Staff at the publishers of The Scotsman newspaper are being invited to share their ideas about the business to the newly-appointed chief executive.
Says an interview with Ashley Highfield, in the weekly online in-house magazine of Johnston Press: “[He] joins Johnston Press with bags of ideas but he also wants to hear how employees see the business. And he’ll listen. He is relaxed, approachable, brimming with enthusiasm and clearly relishing the challenges ahead. The biggest of those, the one that has been perplexing Johnston Press and other players in the industry – how to make more money from digital products – is one of the main reasons the job appealed.”
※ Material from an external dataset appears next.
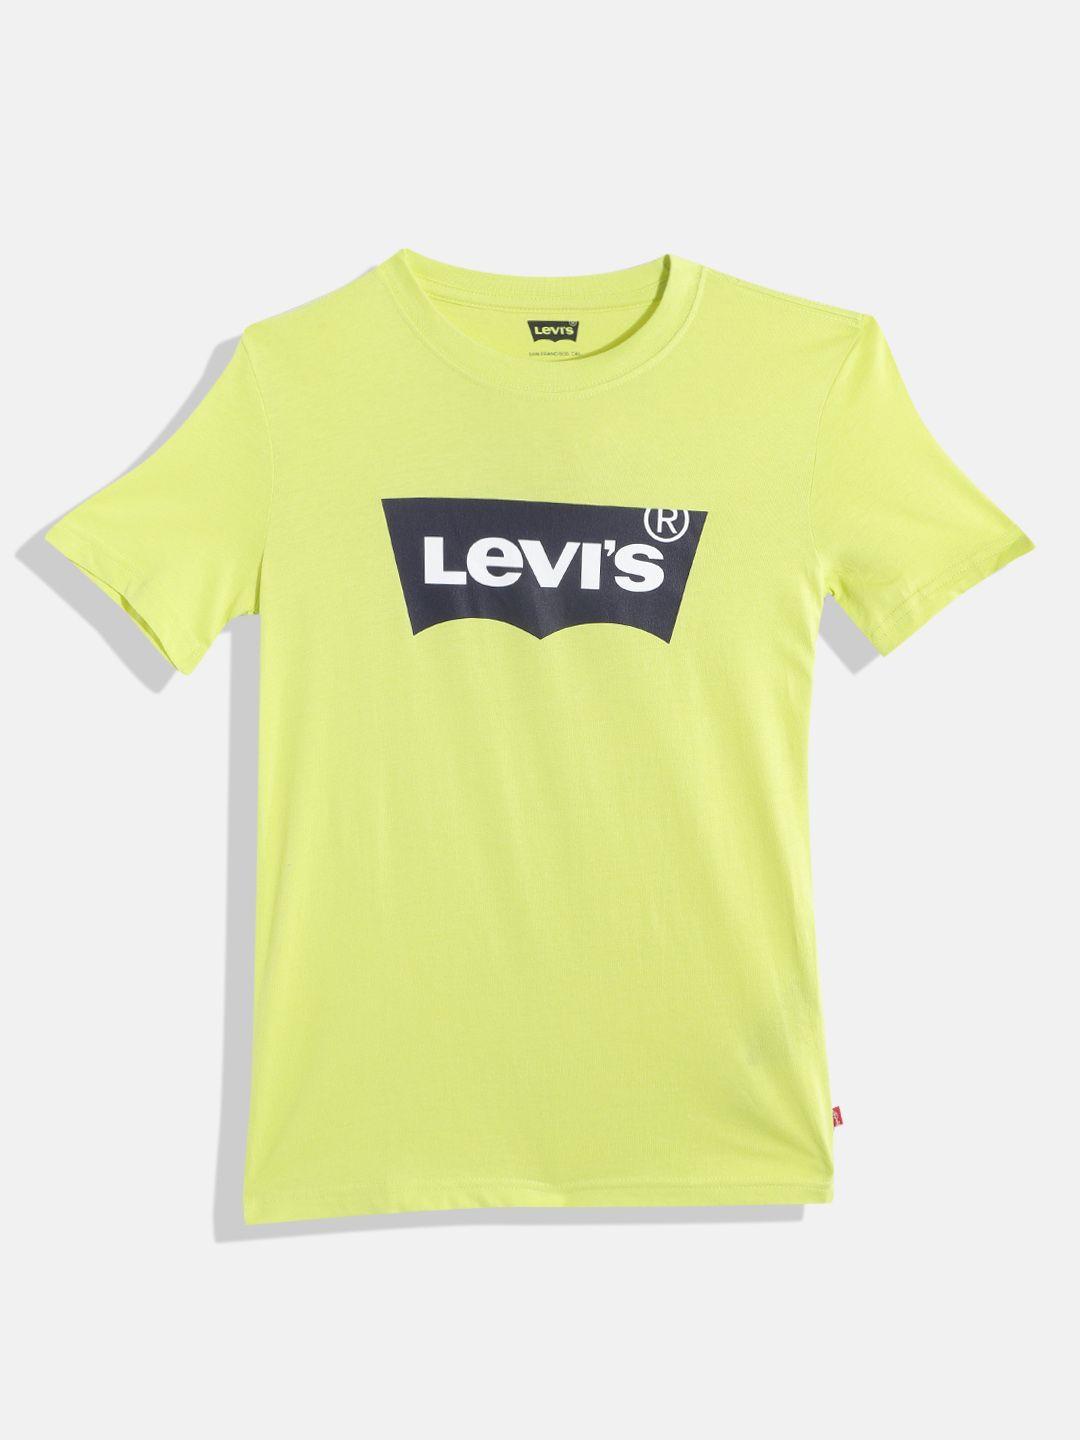 levis boys yellow & black brand logo printed pure cotton t-shirt

The former Microsoft vice-president is quoted as saying: “I’m not one of those who subscribe to the theory that we are on an inexorable glide path into oblivion. There’s no reason to believe we have to accept ever declining numbers of readers. There comes a point at which you become relevant to a new audience. One of the exciting challenges is how you educate a younger audience, who only consume online, and get them to fall in love with newspapers.
“In our industry, the amount of information you can easily scan and absorb by reading a newspaper cannot be duplicated online. I subscribe to The Sunday Times and I also have the Sunday Times app. But the app would never be a substitute for the newspaper: I would use them together.”
After looking through 100 or so websites that reflect Johnston Press's 250-plus newspaper titles, he is further quoted, as saying: “The big question is what could they be? How can they be more of the digital campfire around which the voices gather in a community?”
He adds: “One of the things that excites me is where we take our websites from here and what other digital products we launch over time.”
And continues: “It’s an old cliché that content is king but it’s a cliché because it’s true and what Johnston Press has got is some awesome journalism and incredibly strong relationships in communities. The opportunities for an organisation that is, in many towns up and down this country, the only trusted brand, trusted with business and trusted with the audience, are limitless.”
Later in the interview, he says: “We’ve hardly started down the road of apps and one of the reasons I took this job is because I see local media becoming more important, not less important. As more and more people access the internet through devices like iPads and Smartphones – which know their users’ location – I think we’re at the beginning of a point in history where really local content becomes more relevant, more useful and more used.”
He bought around £35,000 worth of Johnston Press shares before joining the company and says he will continue to invest his own money. “I didn’t join the company without a strong belief that we’re going to be able to start growing in the right direction.
“Obviously, I have a lot of ideas about that but I’ll keep my powder dry until I’ve had a chance to talk to a lot of people. My next few weeks will be getting out and about, visiting the regions and starting to really understand the issues on the ground and what ideas people have got.”
The 46 year-old holds two non-executive roles – on the boards of William Hill and the British Film Institute.
And his message to staff? “I believe there is a huge amount of hope and reason to be optimistic about the future of Johnston Press. The staff are going to have to take that on trust from me initially but hopefully over time they will start to really believe what I believe, that we can make this migration to a hybrid print and digital business. Yes, that will mean changes in the way we work but it will hopefully make it a really positive and interesting business for the future.”